A) Records of physico-chemical parameters measured in Lake Ring. Dotted lines indicate missing data points. Summer and annual mean temperature were recorded at a weather station 80km from Lake Ring. B) Record of biocides sales in Denmark (Million Tons/Year) between 1950 and 2016, downloaded from the Danish national archives; C) empirical record of DDT measured from the sediment layers of Lake Ring using mass spectrometry analysis (ng/g; blue) and plotted against the sales record in Denmark (Million Tons/year; orange). DDT was banned in Denmark in 1986.

AI pipeline.

The analytical pipeline consists of six main steps: Step 1 is the preparation of input data matrices (ASVs, biocides and climate variables) to be used in the sCCA analysis. The type of environmental data may vary with the study; Step 2 is the matrix-on-matrix regression between the ASVs and another environmental data matrix, biocides or climate in this study. Following the sCCA analysis, the ASVs are assigned to family level (or other relevant taxonomic order); Step 3 consists of a Sliding Window (Pearson) Correlation (SWC) analysis, used to identify significant temporal correlations between families and environmental variables from the sCCA analysis; Step 4 identifies the families that co-vary with either biocides or climate variables independently; Step 5 is used to perform an intersection analysis among multiple matrices (families, biodices and climate variables); Step 6 applies a Sliding Window (Pearson) Correlation (SWC) analysis to identify families, whose relative abundance changes both with biocides and climate variables over time.
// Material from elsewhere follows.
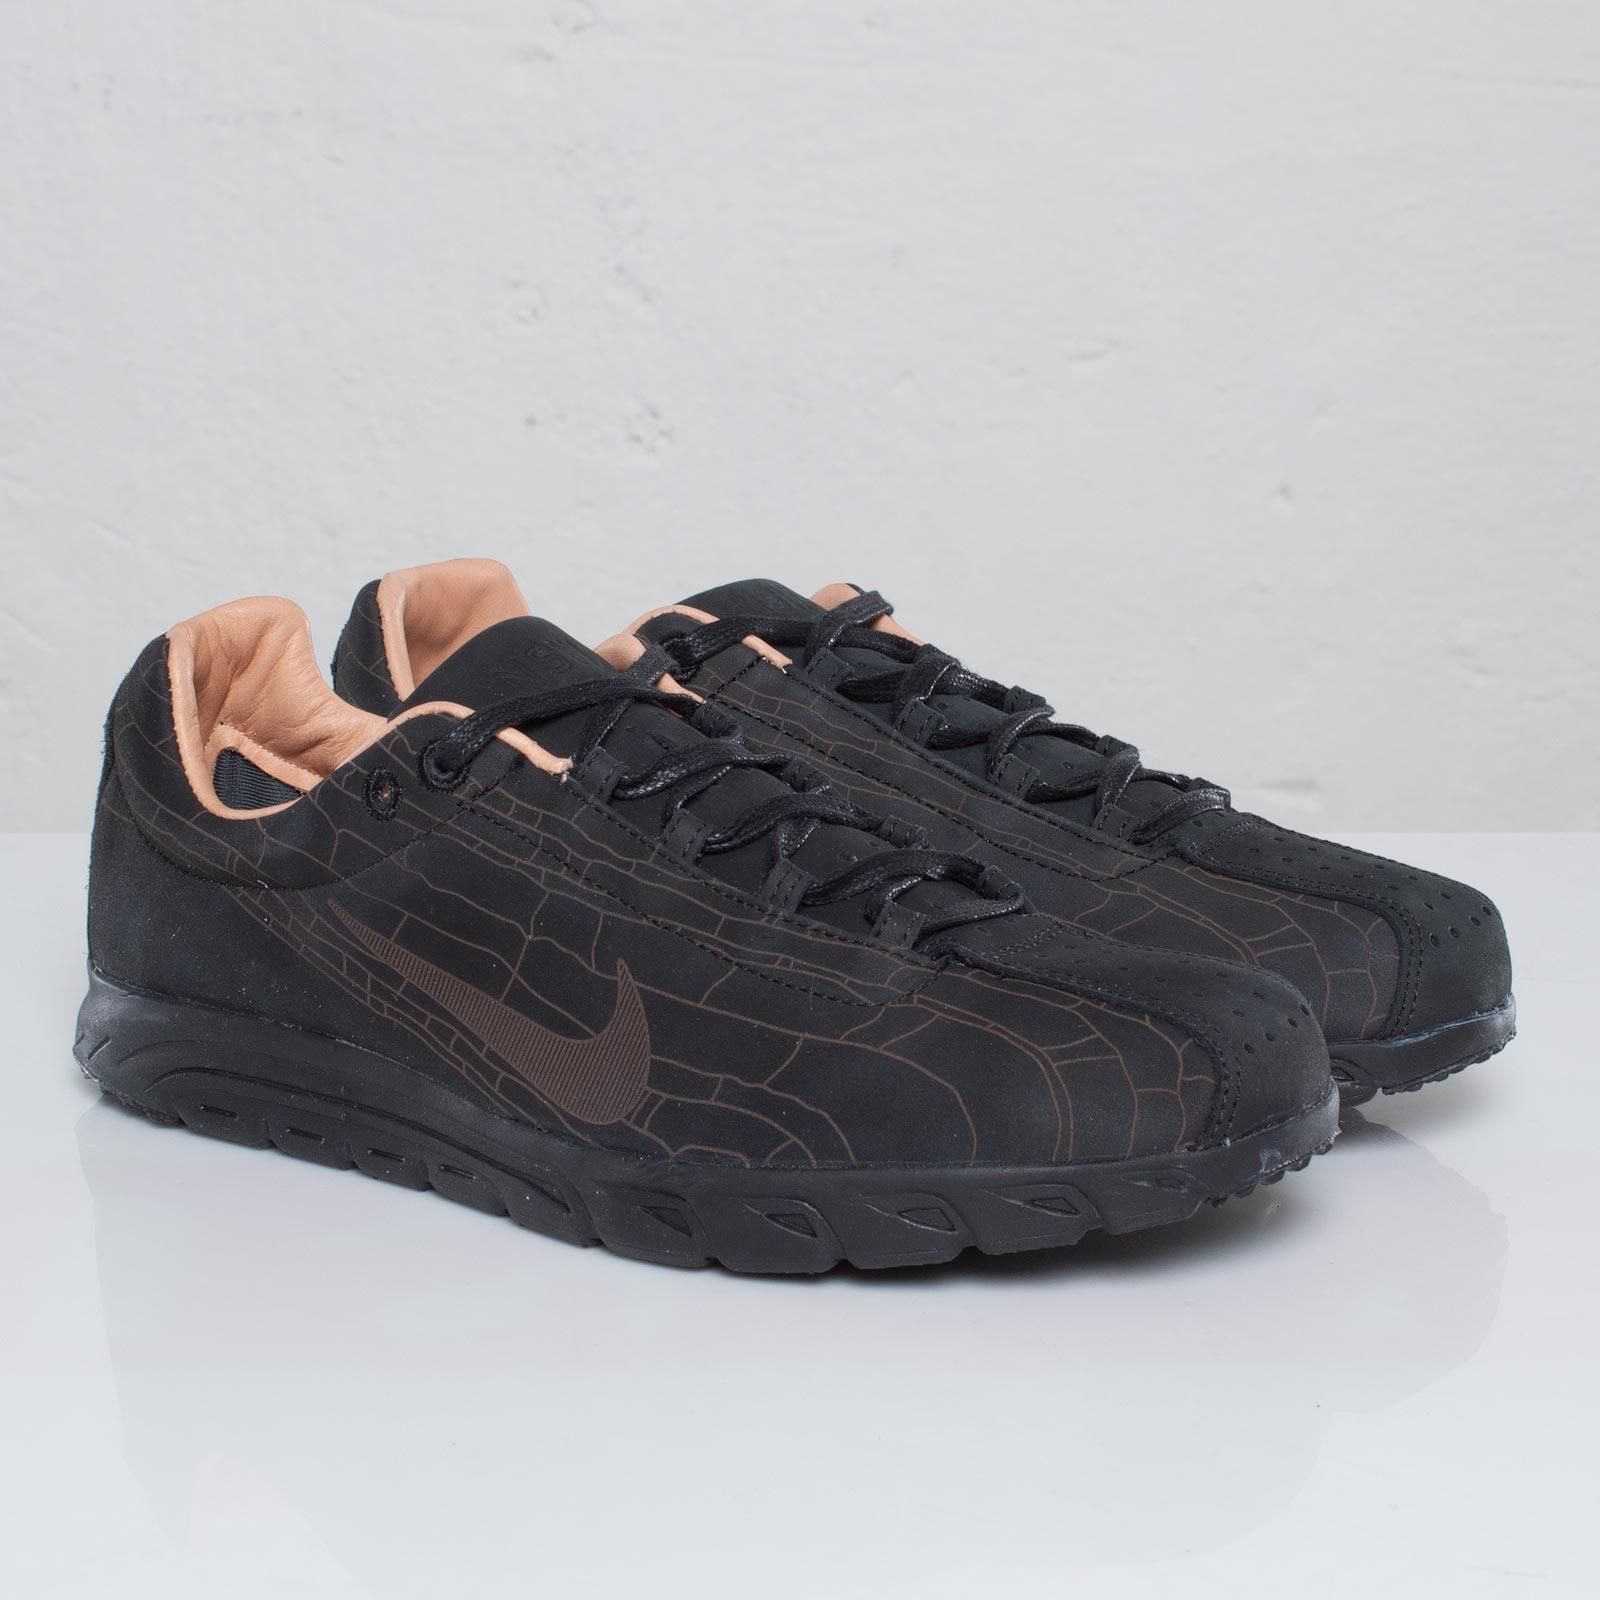 Release Reminder: Nike Mayfly Premium 'Black'

The pipeline enables the ranking of environmental variables or their combination thereof that is inversely correlated to the relative abundance of families over time.

sCCA analysis.

CCA loadings calculated with sparse canonical correlation analysis for biocides (A) and climate variables (B). The categories of biocides are insecticides, fungicides, pesticides and herbicides. The environmental variables are mean minimum temperature, maximum daily precipitation, highest recorded temperature, mean summer temperature, summer precipitation, annual total precipitation, summer atmospheric pressure and lowest recorded temperature.